Tools-First, Then RAG
also known as check-the-knowledge-shape, anti-naive-RAG-first
Before you build RAG (retrieval-augmented generation), check whether the knowledge really needs search at all. Data that lives in a database or behind an API is best reached with a direct query or API call. A small, stable set of text can just be pasted into the prompt. Only large piles of unstructured text actually need search over embeddings. Reaching for RAG by default wastes effort and gives fuzzy answers in cases where a direct query would have been exact.
Methodology process overview
Intent. Check what shape your knowledge is in before you choose search, then pick the simplest way to reach each source.
When to apply. Use this when you start any agent or app that answers from a body of knowledge: a support bot, an internal Q&A tool, a docs helper, a policy assistant. Run it before you commit to a vector store. Don't apply it if you already know the knowledge is large and unstructured, because then RAG is the right choice from the start.
Inputs
- Knowledge inventory — A list of every knowledge source the agent has to reach: databases, APIs, document stores, internal wikis, web pages.
- Per-source schema or sample — For each source: how it is structured (tables, endpoints, fields), how big it is, how often it changes, and a few sample records.
- User query distribution — A sample of the questions real users ask, not the ones the team imagines they ask.
Outputs
- Access-mechanism assignment per source — For each source: how the agent will reach it (direct call, pasted-in text, search, or a mix) and why.

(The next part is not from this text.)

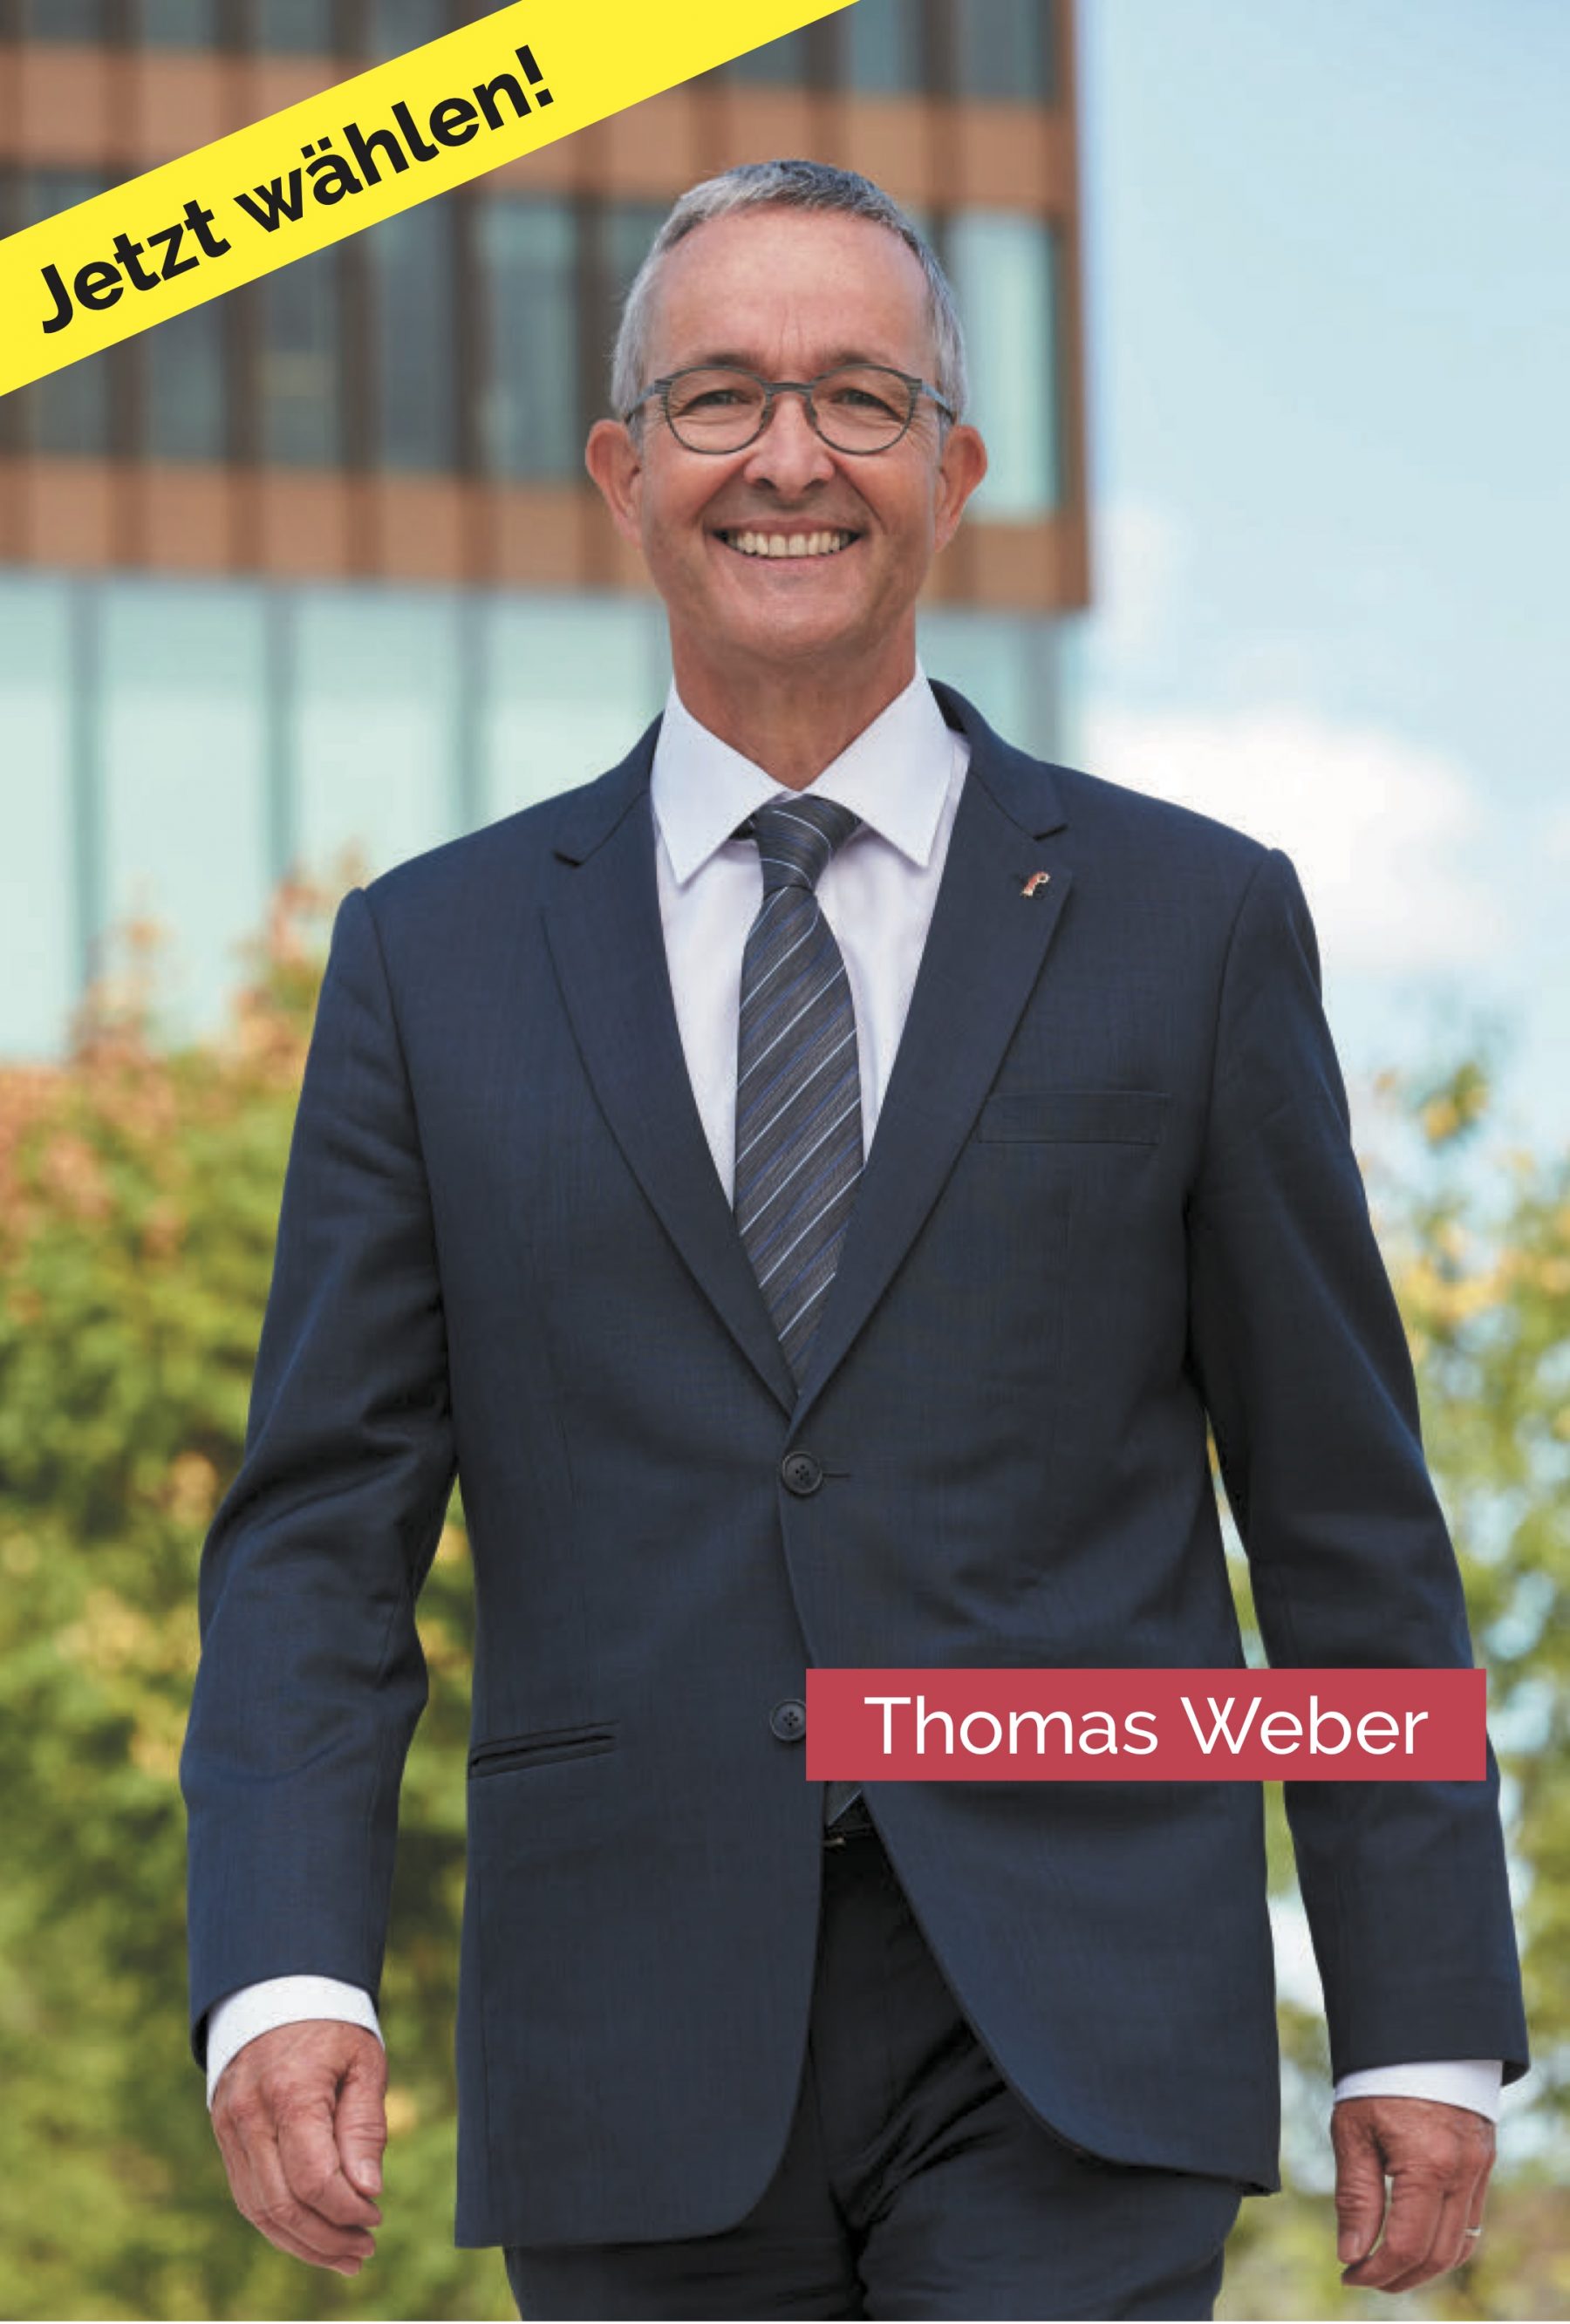 Thomas Weber, Info-Flash: Interview mit Regierungsrat Thomas Weber – Jetzt wählen!

- Tool catalogue — The set of direct calls (SQL, API, search) the agent uses to reach structured sources.
- RAG corpus boundary — The leftover unstructured text, kept as small as possible, that will go through search.
Steps (6)
Inventory the knowledge
List every knowledge source the agent has to reach. For each one, note how it is structured, how big it is, and how often it changes. Don't move on until every source is on the list.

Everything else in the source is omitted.